Пётр сдержанно пояснил:

- У него недавно сердечный приступ был. Он думал, что не выживет, ну и открылся Матвеевне. А та – мне. И никому больше.

Стелькин явно был в замешательстве:

- Вот, контра! Колом тя в землю! То-то я смотрю: молчун. Забился в щель…

* * *

После этого дня Пётр Захарьев стал неудержимо спиваться. Всё чаще он теперь ездил на своей тачанке к Стелькину, и без Муры…

Потом стал сутками где-то пропадать. Гармошку свою продал и пропил…

Два раза Фомич, пошатываясь от своей немощи, привозил Петра, приладив бечёвку к тележке, домой со станции, где тот христорадничал…

 

Глава 8. ТОСКА-КРУЧИНА

Петра Захарьева не стало осенью, в середине ноября. За Смирновыми, где отвесный каменистый берег, укрепив для надёжности пудовую гирю в тележке и привязав себя верёвкой, махнул он её в Волгу-матушку. Свершил всё обстоятельно.

Обнаружили его только на второй день рыбачившие недалеко ребятишки.

Положили Петра в гроб обычной длины. Как если бы покойник был с ногами. Не стали экономить на досках. Никого почти со двора Муры на похоронах не было. Матвеевна в это время была в деревне у сестры. Старик Гордей Фомич из-за больных ног и сердца не мог уж спуститься вниз. Он быстро, на глазах сдавал. Большаков – на фронте. Мура видела, как появились в их дворе непривычные посетители. Три человека с мастерских, она их сразу узнала, а четвёртый – деловой такой в кителе и с орденом на груди. Они обо всём и позаботились. И лёгонький гроб они несли. Под моросящим дождиком… Анна Большакова да Миня с Валей – шли за гробом до самого кладбища. На своей ступе похоронный маршрут нетрезвый Стелькин осилил только до парикмахерской, дальше по грунтовой дороге с ухабами и лужами продвигаться не решился.

* * *

Переживания последних дней изнурили Муру. Она стала быстро терять вес и чаще, чем обычно, пить. Редко умывалась и стала нервозной. Белая её шерсть сильно потускнела и стала всклоченной. Мура чувствовала, что в ней поселилась какая-то серьёзная болезнь. Но кошке было не до нее…

Она и на мышей охотиться стала без азарта, вяло. По необходимости.

Дома её давно не кормили. Нечего было давать.

Как тяжело без того, кого любишь!..

На Муру опять нашла тоска.

С фронта приходили поезда с ранеными. Недалеко о железнодорожной станции разместили госпиталь. Мура бегала на станцию к поездам и ждала. Сама не знала, во что верила…

Она приходила вечером со станции сильно уставшая. Садилась на лавочку, на которой совсем ещё недавно наигрывал на гармошке Петька, и печалилась.

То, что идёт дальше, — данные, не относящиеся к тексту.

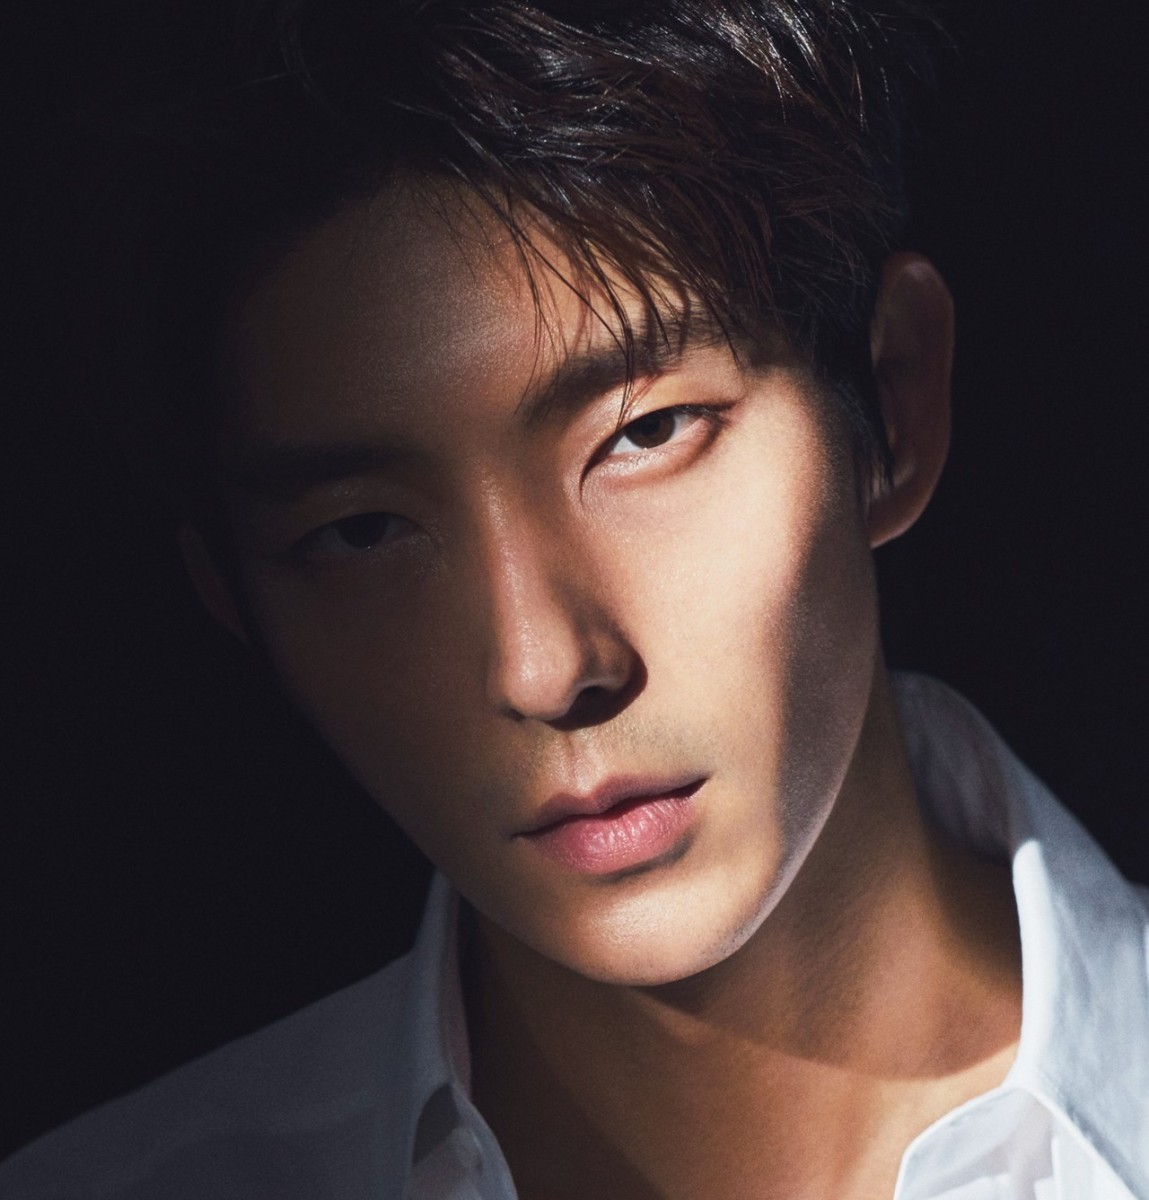 Top 10 Most Popular and Handsome Korean Drama Actors

Фомич сверху в окно видел её скорбный вид и не выдерживал, говорил веско:

- Так уж, до смерти, не горюй, слышь… Совсем загнуться можно… И не торопи! Кончится война, и придёт твой Большак. Порода Большаковых крепкая. Я и батюшку его знавал, и деда. Расею нельзя победить! У нас ведь в руках такая оглобля, что Гитлеру не сдобровать. Вот только хорошенько развернуться надо!.. Было уже такое…

* * *

…Один раз после станции она побрела к Стелькину.

Там обычная картина. Только вместо Петьки теперь был около будки хмурый с косматыми бровями незнакомый высокий дядька…

Встретившись взглядом с Мурой, хозяин мастерской поспешил:

- Не суди нас строго. Каждому – своё. Чем же тебя угостить? Вот половинка огурца. Ах, да: он тебе ни к чему… А, вот!

Порывшись в кармане брюк, он достал конфету.

- На тебе подушечку, - и протянул серую, запылившуюся конфетку, - зря, что ли, приколтыхала!

Мура разжевала конфету и проглотила.

- Как, дорогуша? Жизнь стала слаще? – неожиданно зычным голосом спросил человек с косматыми бровями.

Если бы Мура умела говорить, что бы она сказала? Сладкий вкус ей был неведом…

…Нет, тоскливо ей и в сапожной мастерской. Хоть и угощают там конфетами.

 

Глава 9. НОВАЯ БЕДА

Мура продолжала метаться.

А тут вскоре сильно заболела жена Большака, тихая Анна. Она постоянно прихварывала, в этот раз совсем слегла. Если вставала, то еле ходила. Работать никак нельзя.

Огородишка какого-никакого нет. Где брать еду?..

Настали дни, когда кроме хлеба на карточки, ничего не давали. И то не каждый день был хлеб.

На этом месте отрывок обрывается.